#### Data shown:
· · ·

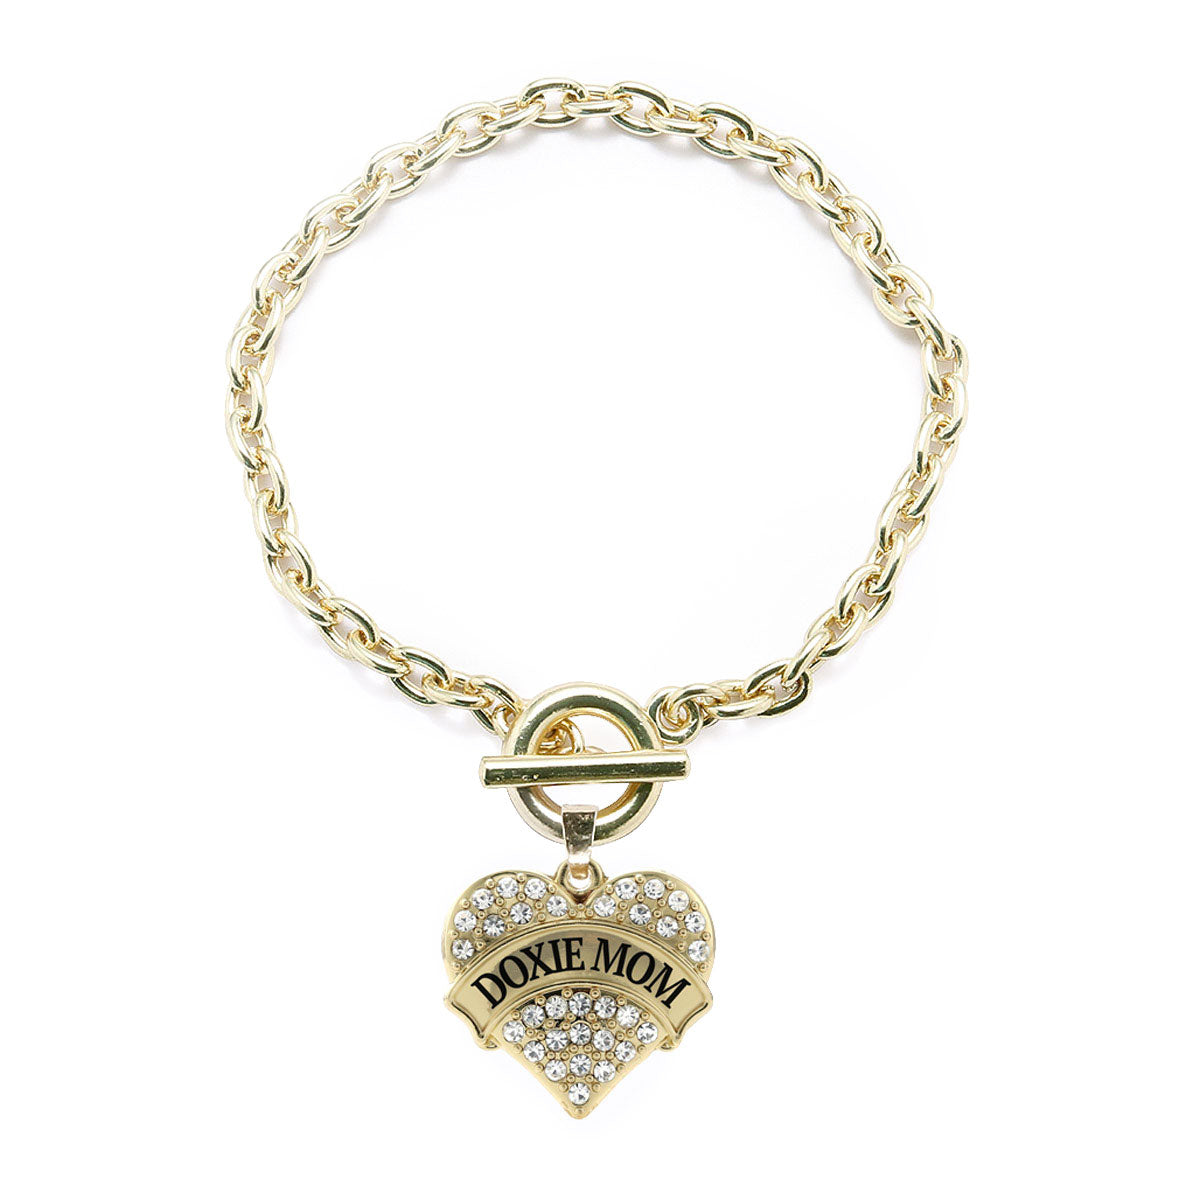 Gold Doxie Mom Pave Heart Charm Toggle Bracelet
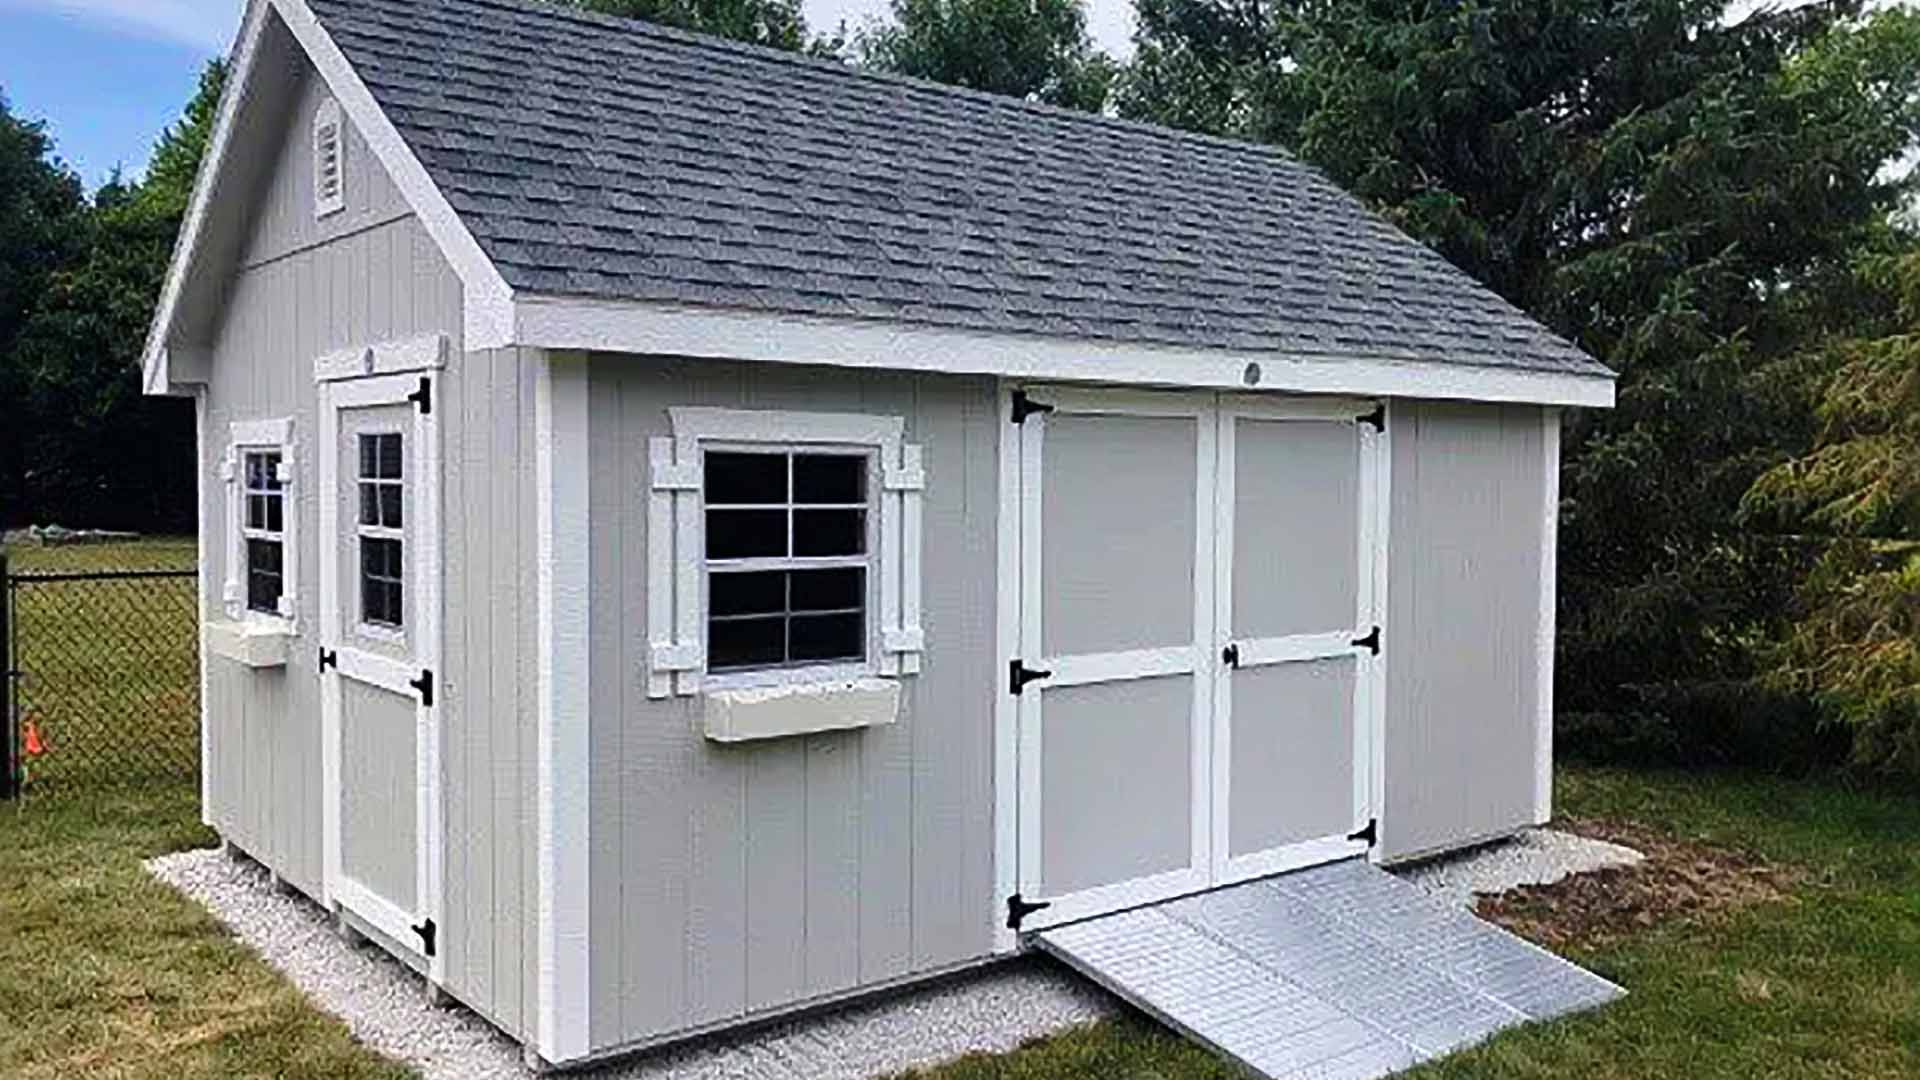 Sun Rise Sheds | Is Financing A Storage Shed Right For You?
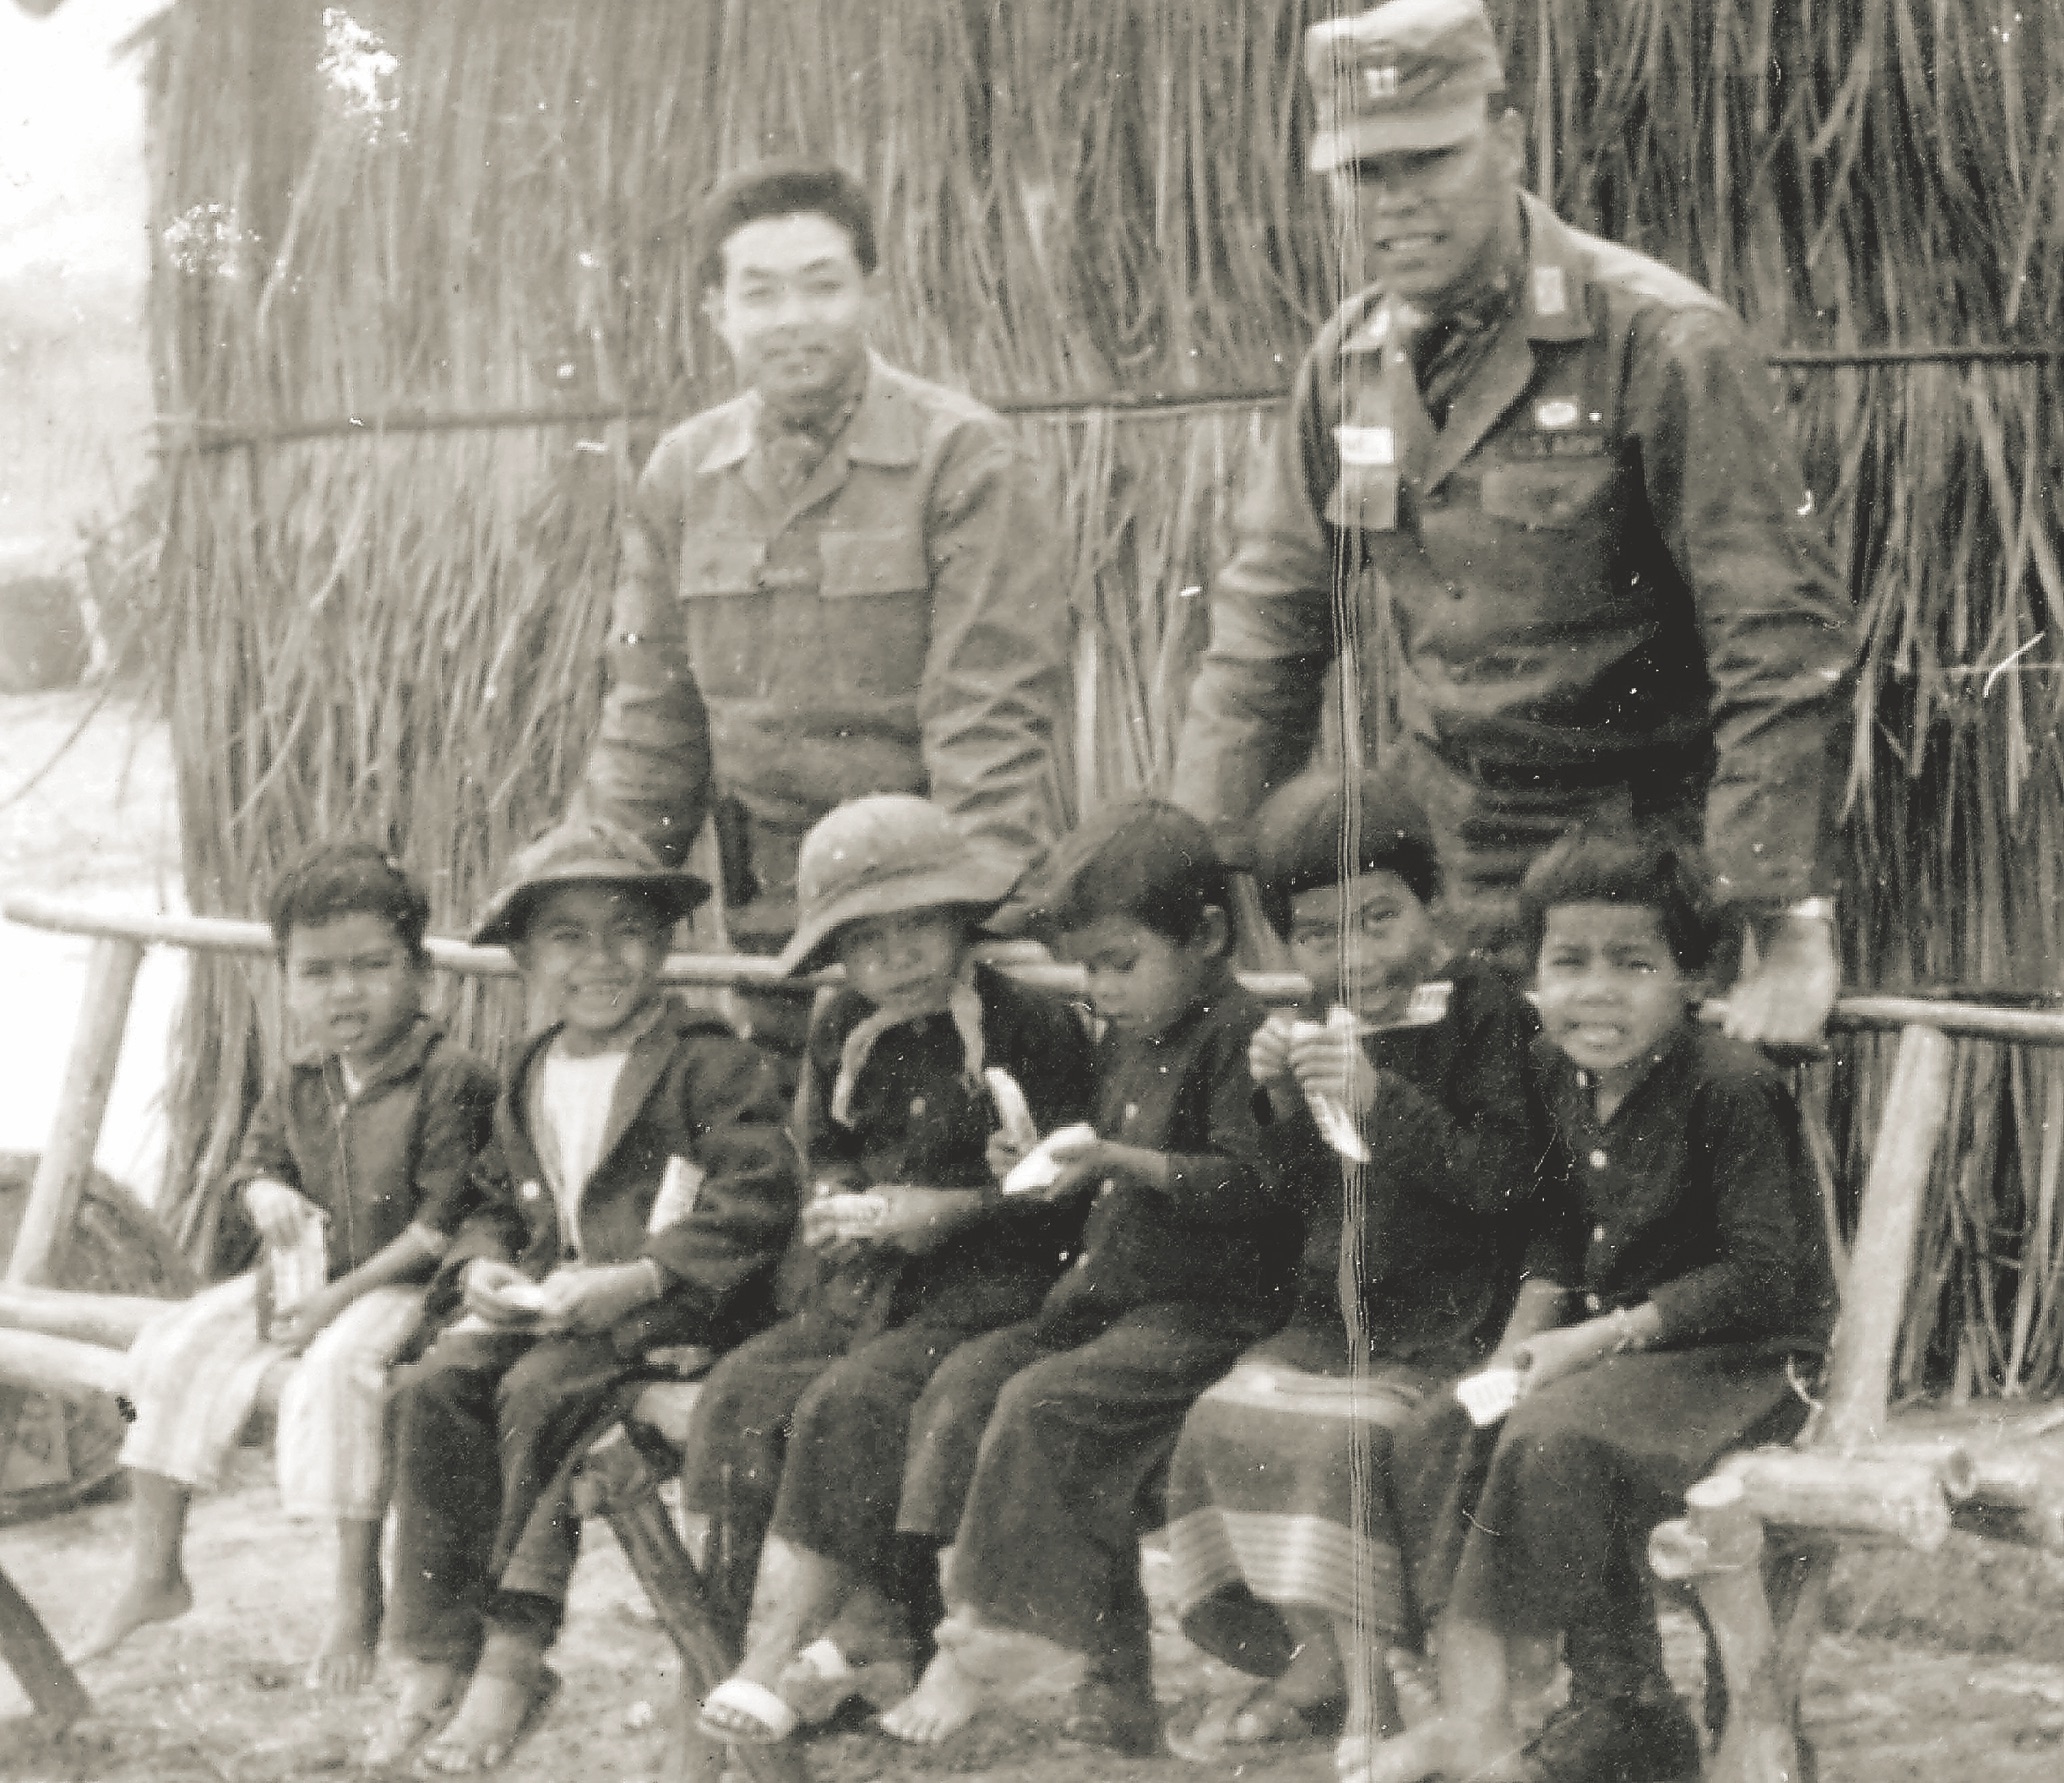 South Vietnamese battalion commander Capt. Vo Cong Hieu, at left, and his American adviser developed a good rapport, but Powell had less respect for the leadership abilities of two other unit leaders he advised. Powell and Hiu visited the children of an A Shau Valley tribe in 1963. (Courtesy Colin Powell)

· · ·

#### Your assignment:
The output consists of exactly the lines from the one containing "Sun Rise Sheds" through the last line of the listing, both included, with no pictures.

#### Written answer:
 Sun Rise Sheds | Is Financing A Storage Shed Right For You?
 South Vietnamese battalion commander Capt. Vo Cong Hieu, at left, and his American adviser developed a good rapport, but Powell had less respect for the leadership abilities of two other unit leaders he advised. Powell and Hiu visited the children of an A Shau Valley tribe in 1963. (Courtesy Colin Powell)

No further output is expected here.